▶ What is needed
From the entries below, print exactly the span beginning with the line holding "マイクロ 1ミリ 平刀" and ending with the line holding "Riegan un campo", endpoints included, and skip any pictures.

▶ Task inputs
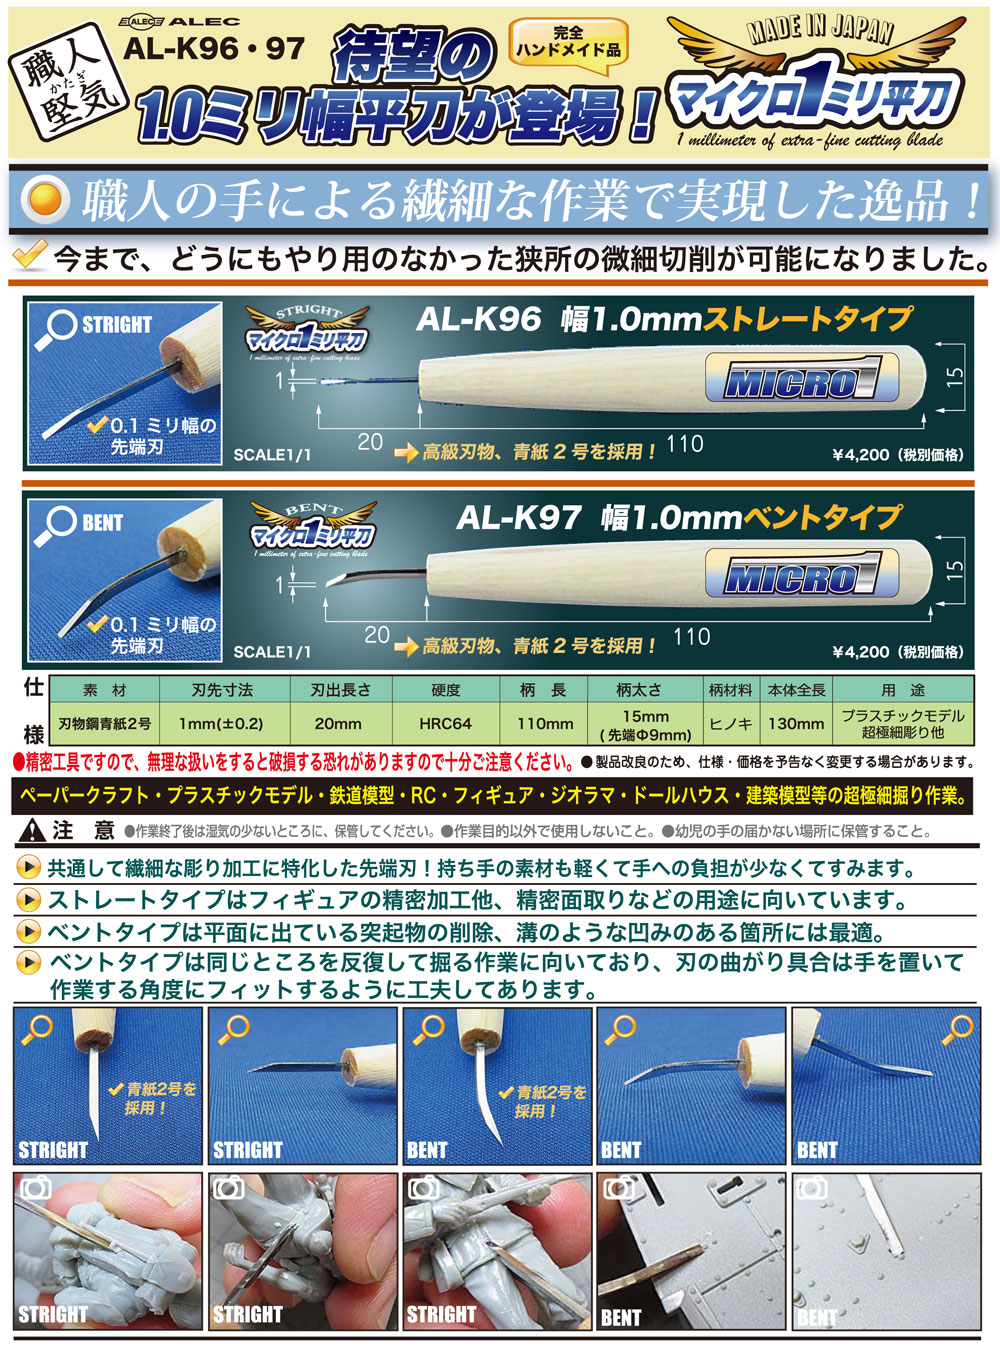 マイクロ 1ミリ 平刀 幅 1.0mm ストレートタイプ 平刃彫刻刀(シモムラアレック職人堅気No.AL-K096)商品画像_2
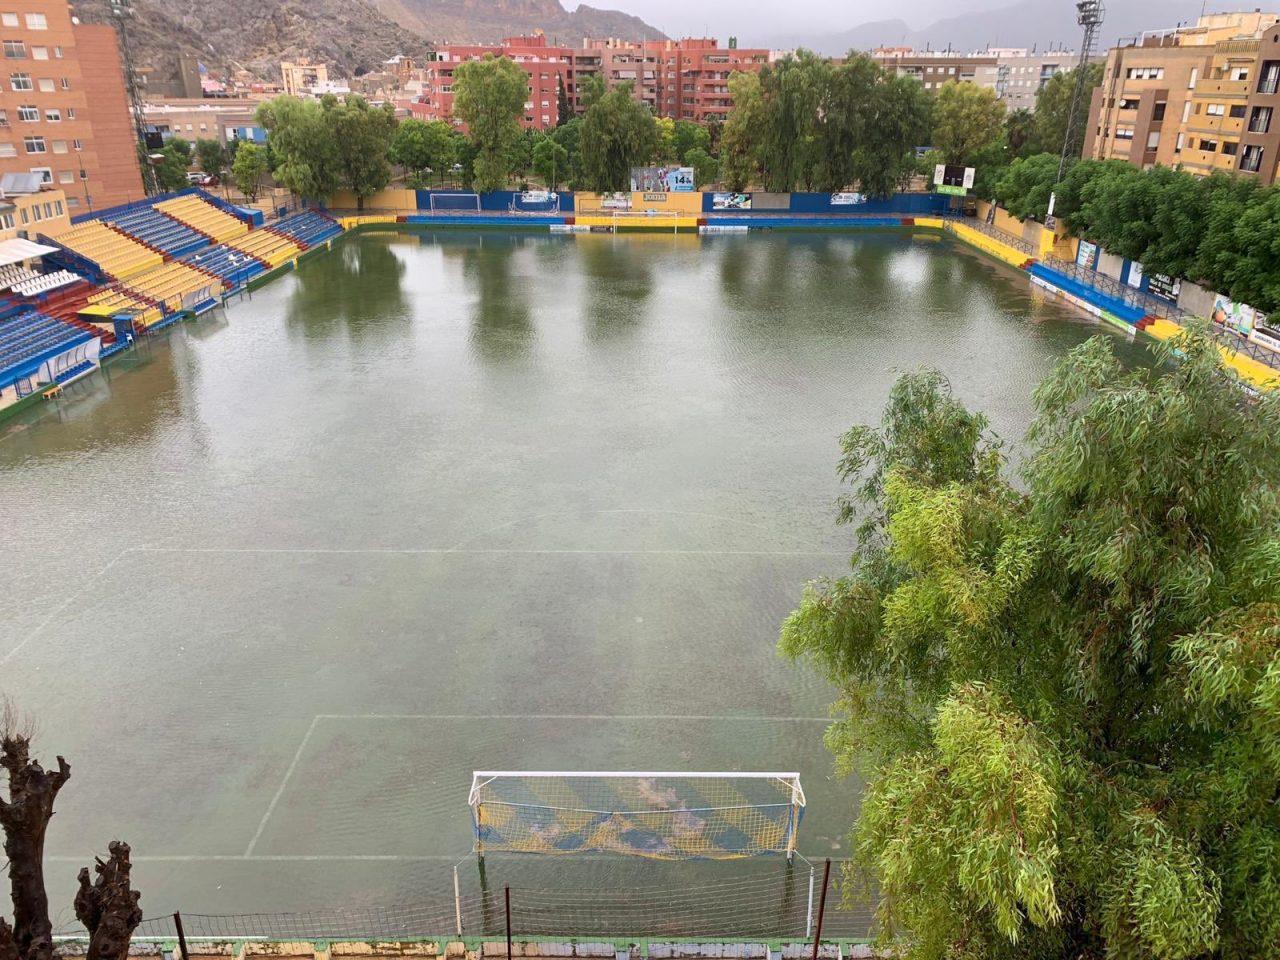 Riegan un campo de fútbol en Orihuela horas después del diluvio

--

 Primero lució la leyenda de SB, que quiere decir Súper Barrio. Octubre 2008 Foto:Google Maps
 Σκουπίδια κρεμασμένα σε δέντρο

==

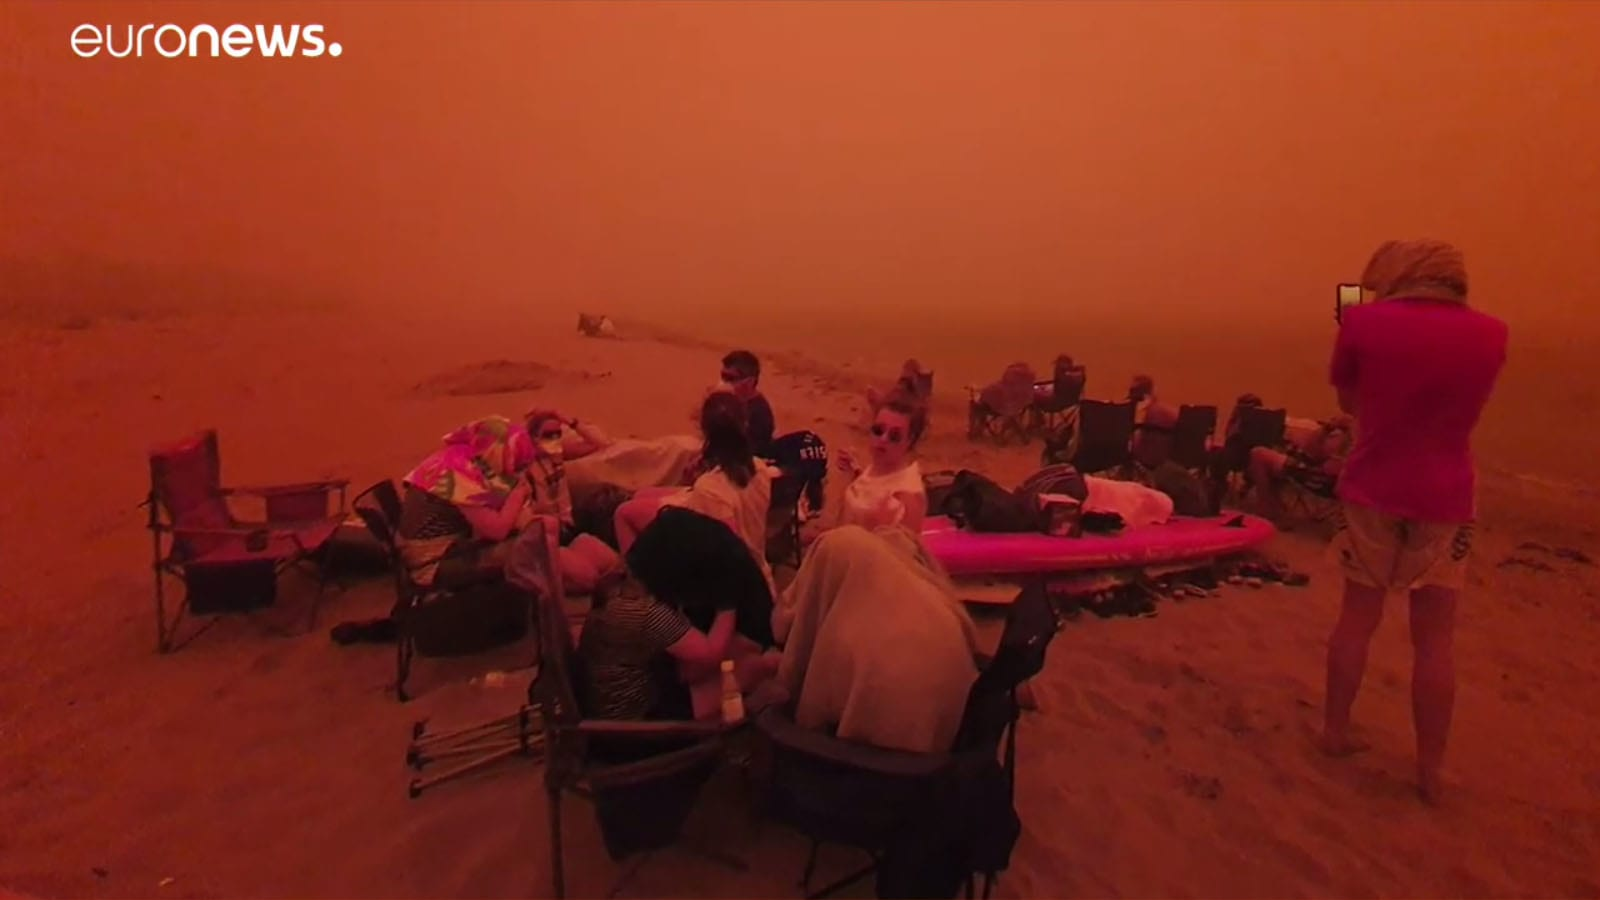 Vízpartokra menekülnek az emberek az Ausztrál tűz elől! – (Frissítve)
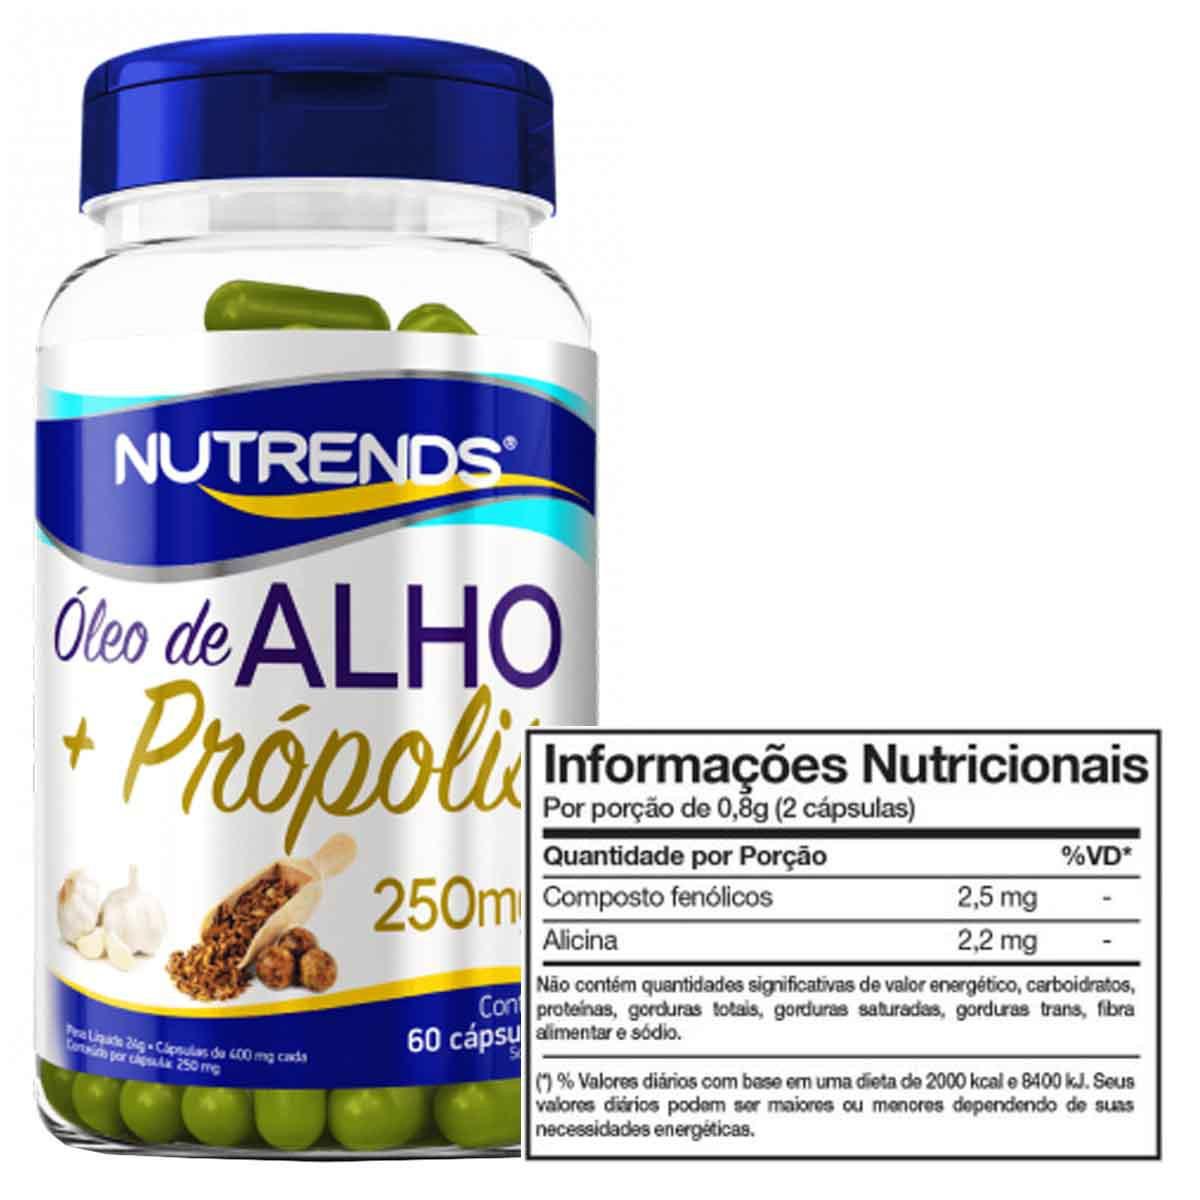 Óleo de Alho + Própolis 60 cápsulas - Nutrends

▶ Result
 マイクロ 1ミリ 平刀 幅 1.0mm ストレートタイプ 平刃彫刻刀(シモムラアレック職人堅気No.AL-K096)商品画像_2
 Riegan un campo de fútbol en Orihuela horas después del diluvio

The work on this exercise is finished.